ACCIDENTAL DEATHS DOWN

The share of accidental deaths by coalition and Afghan government forces - which can turn people against the government and foreign troops - is falling, the statistics showed.

Accidental deaths from NATO airstrikes dropped by half, to 94, and overall international forces were responsible for 210 civilian deaths from Jan. 1 to June 30 this year - down from 276 for the same period last year. Deaths attributed to Afghan security forces were down from 386 to 108.

Samadi credited the policy of restraint issued by former international forces commander Gen. Stanley McChrystal last year that severely limits the circumstances in which troops can call in an airstrike or fire into buildings.

He urged Gen. David Petraeus, who replaced McChrystal this month and who many credit with turning around the war in Iraq, not to change those rules of engagement. If American and other international troops are allowed to use firepower more frequently, he said, then they will. "Then you could be back in a situation where more civilians could die."

The strict rules of engagement are unpopular among many, including some troops who believe they cost American lives and force them to give up the advantage of overwhelming firepower to a foe who shoots and melts back into the civilian population.

NATO spokesman Brig. Gen. Josef Blotz, however, stressed that Petraeus is committed to the current guidelines for use of force.
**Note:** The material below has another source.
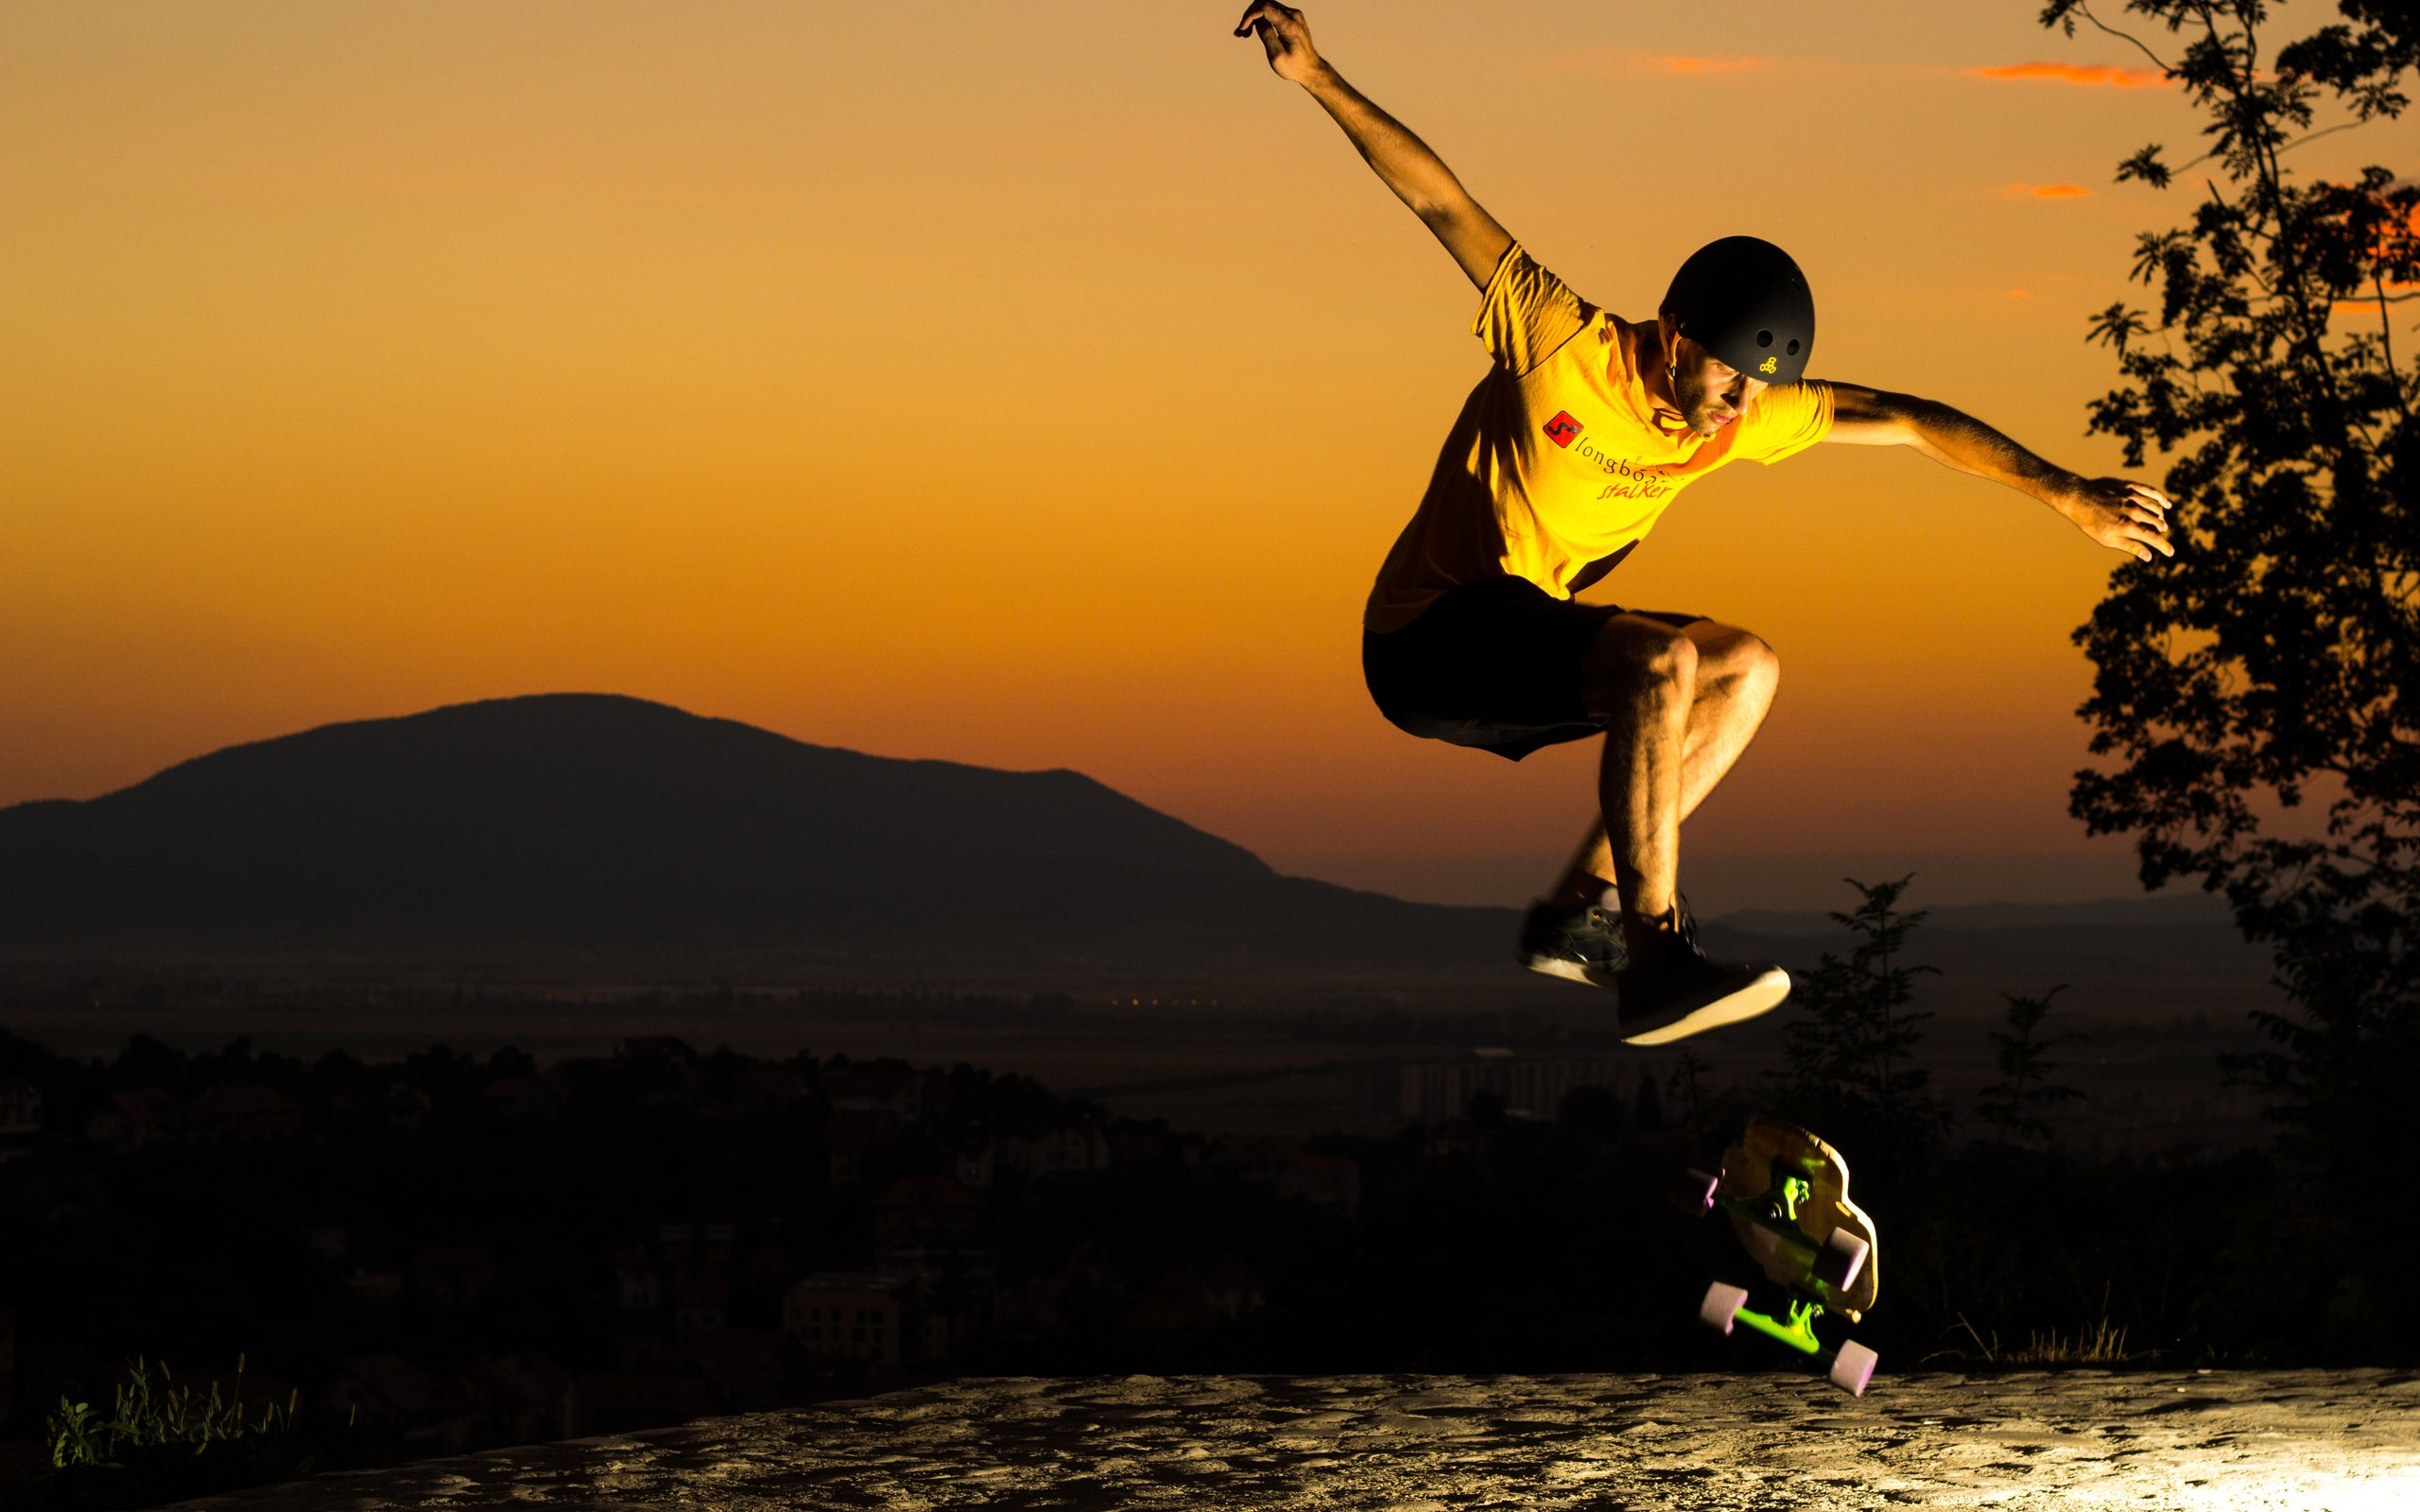 File Name Cool Skateboarding Wallpaper 2560x1600

"Our strategic imperative to reduce civilian casualties has not and will not change," Blotz told reporters Sunday.

Monday continued the trend in deaths of innocents: NATO reported that six Afghan civilians were killed and four were wounded when their car hit a roadside bomb in Helmand province's Lashkar Gar district. A coalition helicopter evacuated the wounded for treatment and came under fire from militants.

Various organizations track civilian casualties in Afghanistan, with differing numbers. Afghanistan Rights Monitor's statistics were higher than NATO's tally of 592 noncombatants killed in the first half of this year, 82 percent of them by insurgent attacks and the rest accidental deaths by international forces.

The United Nations' statistics also tend to be higher than NATO's. The world body has not yet released its report on casualties for the first half of the year, but in 2009 its count was similar to Afghanistan Rights Monitor's tally.